Fast Follower is a term from the startup world that goes hand-in-hand with the idea of first-mover. Fast followers are those firms that observe a first-mover, identify its successes and failures, strengths and flaws, and using this knowledge, attempt to better-execute the original business’s idea.

Q. So, this is a big idea is startup land, right? It’s essentially the opposite of “first mover”?
A. Right. Weirdly, there’s a long line of business cases that imply that true innovation can be overrated. And it boils down to this: a first mover is inventing something really new, and its easy to make lots of mistakes that are very instructive for the next guys. So if you’re a smart observer of the scene, you can learn from those mistakes and be an extremely successful “fast follower.”

Q. Can you give us some examples?
A. Well, look at Microsoft… an awesome “fast follower”. Word was a knockoff of Wordperfect; Excel was a knockoff of Lotus; IE was a knockoff of Netscape; even Windows itself was a knockoff of the GUI pioneered by Mac. That pretty much accounts for all their success to date.

Q. Well, that’s an exceptional case, right? Are there other similarly successful examples?
A. Well, there’s one called Google you might have heard about. In 1998 I visited Goto.com, a small startup that had invented the pay per click and bidding system for text ads. At the time I thought: pay for listing in a search engine? Who would trust such a thing? Shows you what I know. Google was fully two years behind but did it better, and became, well, Google. And how about one more? Amazon, which itself was two years behind the first online book store.

Q. Wow, OK, what lessons should first movers take from this? Patent the heck out of whatever you start?
A. No: its surprising how ineffective – and expensive—IP protection is in the real world. One of my engineers used to say, the whole idea is knowing something can be done – once I know that, I can find another way to do it that doesn’t violate the patent.

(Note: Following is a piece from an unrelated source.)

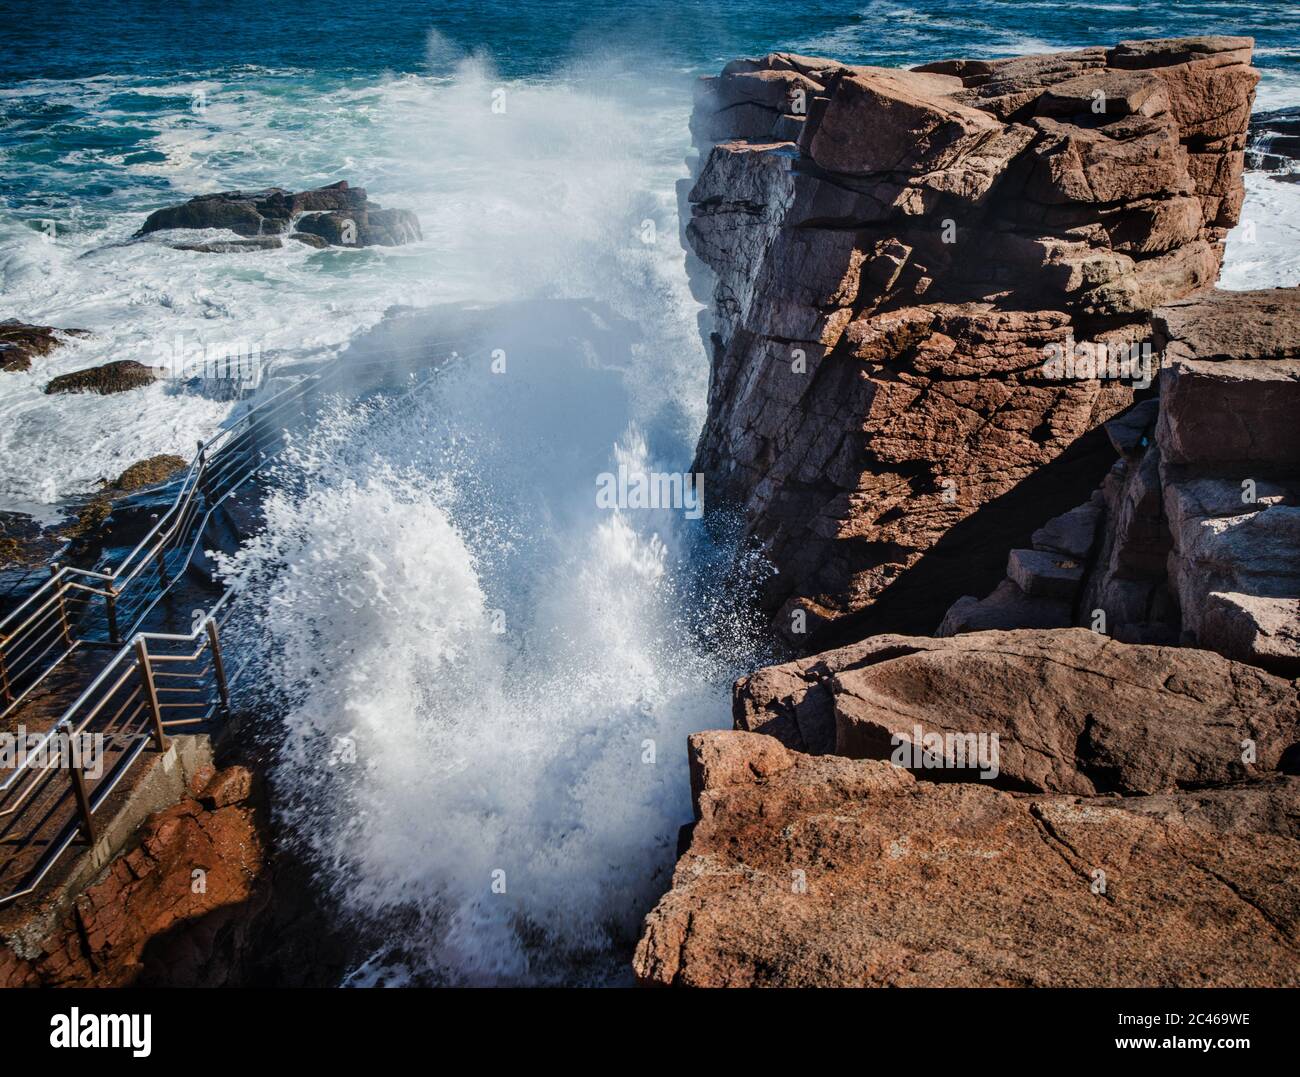 Thunder Hole, a small inlet, naturally carved out of the rocks, where the waves roll into, Acadia National Park, Maine, United States, North America Stock Photo

Q. Alright, then, what is the trick of keeping “fast followers” off your tail?
A. One way is to try for super-rapid adoption, the network effect, so that your platform takes the air out of the room. Social media platforms aim for that. But the really, really, crucial point is speed of iteration—as the first mover, you have to improve fast enough that people have no reason to switch. That’s really where the first mover/fast follower battle is won and lost.